No job was too small for Bloom then because he wanted to learn all aspects of a football team's operation.

"I helped out in the equipment room, I helped out in operations," he says. "I had an early, well-rounded experience as a coach, and I think that helped me. I didn't want to be at a D-3 school forever, but it was an unbelievable experience and I would go back and coach there potentially."

Bloom grew up in Wellesley, Mass., and like so many New Englanders, has an edge to him. Not surprisingly, he has always identified with players who are more about substance than style. Bloom was a huge Larry Bird fan, followed the Red Sox closely – especially catcher Tony Pena – and found role models in Bruce Armstrong and Tedy Bruschi of the Patriots.

"I think the New England mentality is a hard-working mentality," Bloom says. "Aggressive, not going to back down. Some people say I'm a loud talker. That's just who I am. I am a New England guy."

Changing over to a new system can be the bane of a quality control assistant, but Bloom says the arrival of defensive coordinator Monte Kiffin in 2013 and the installation a 4-3 defense was a fantastic opportunity to learn.

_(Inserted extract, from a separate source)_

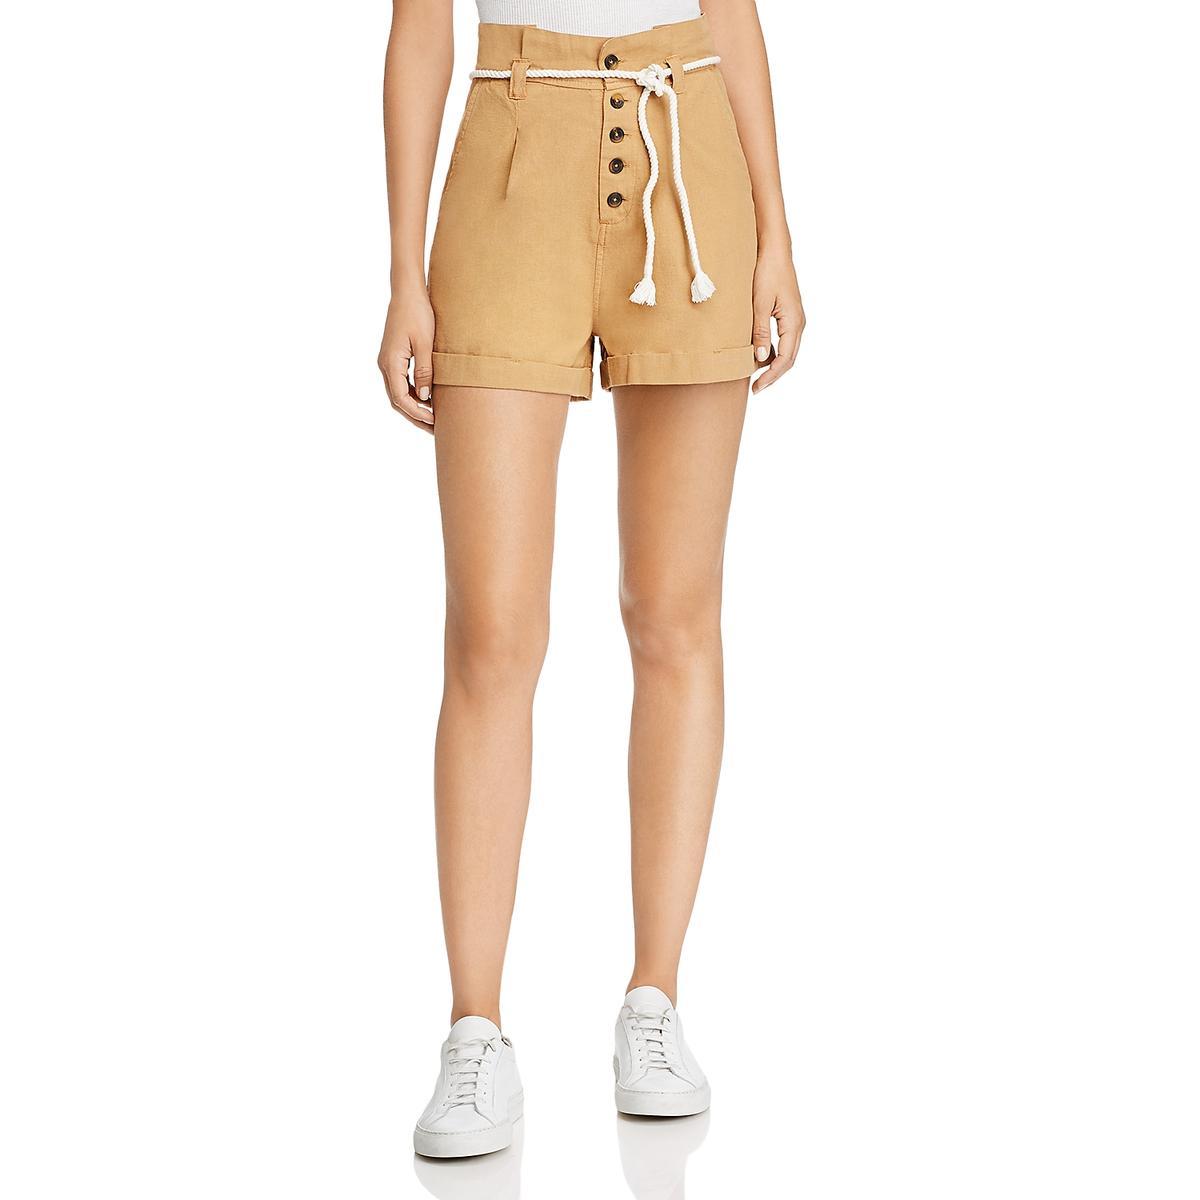 Maison Jules Womens High Rise Solid Paperbag Waist Shorts BHFO 3538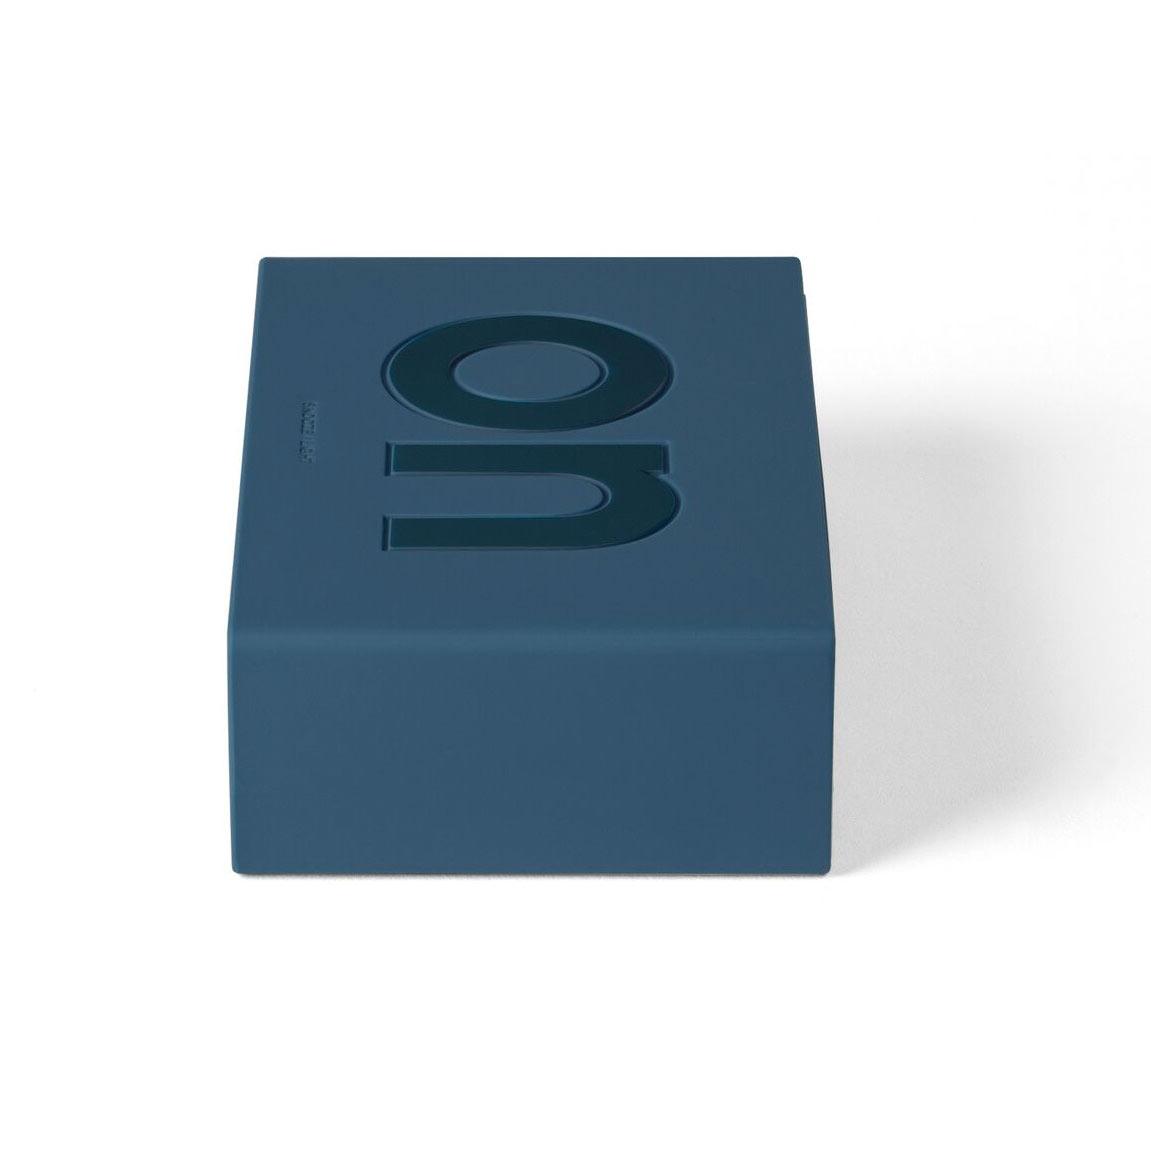 LEXON Flip LCD alarm clock LR130BF7 dark blue | The Design Gift Shop

"It was definitely an adjustment. A different defense and a different terminology. But it is still football. It is still defensive football. There is still consistency in terms of, you have got to play physical, you have got to play aggressive, and you have got to play tough. Everyone has their responsibility in coverage and their responsibility in the run game."

The change in scheme exposed Bloom to one-on-one tutelage from a coaching master.

"I met with Coach Kiffin, learned his system and learned what he called things and then worked with him to translate it into the playbook," Bloom says. "It was as seamless as it could be, but it does take work."

One of the great blessings of a quality control coach is the opportunity to learn from a variety of mentors. In addition to Kiffin, Bloom has worked closely with former Cowboys defensive coordinator Rob Ryan and current defensive line coach Rod Marinelli, a one-time coordinator himself with the Bears.

"I have been fortunate to be around Coach Kiffin and Coach Marinelli," Bloom says. "I was lucky to work for Rob Ryan, who had a completely different system. To be around those people and learn from them is a blessing for a person starting his career."

Someday, Bloom hopes to repay the favor.

"I hope, as kind of a thank you to them, if I am lucky enough to be around long enough, I can teach others," Bloom says. "That's kind of what it's all about. You learn from people and advance the game and keep giving. Hopefully, if I am in this long enough, I am working with guys like myself and I can keep giving."

Until then, Bloom will keep giving at the office. The idea that NFL coaches practically live at the facility – working on the field, holding meetings, watching film – is no myth.

"It's busy," Bloom says. "You've got to come in early and you've got to make sure you are ready for the next day. But it's fun. Every day is a new day and it's a new test. When I leave the office, I want to make sure that I am ready to go for tomorrow. Whatever it takes, that's what it takes and that's OK. There is no place I would rather be. I am lucky to be here."

A quality control coach starts at the bottom, but as Gruden and a host of others have proven, the ceiling is high. There is no limit to what someone in such a position might be asked to do, but then again, there is no limit to what a quality coach can accomplish, either.

"If you work hard, push yourself and have the ability," Bloom says, "you can be whatever you want to be."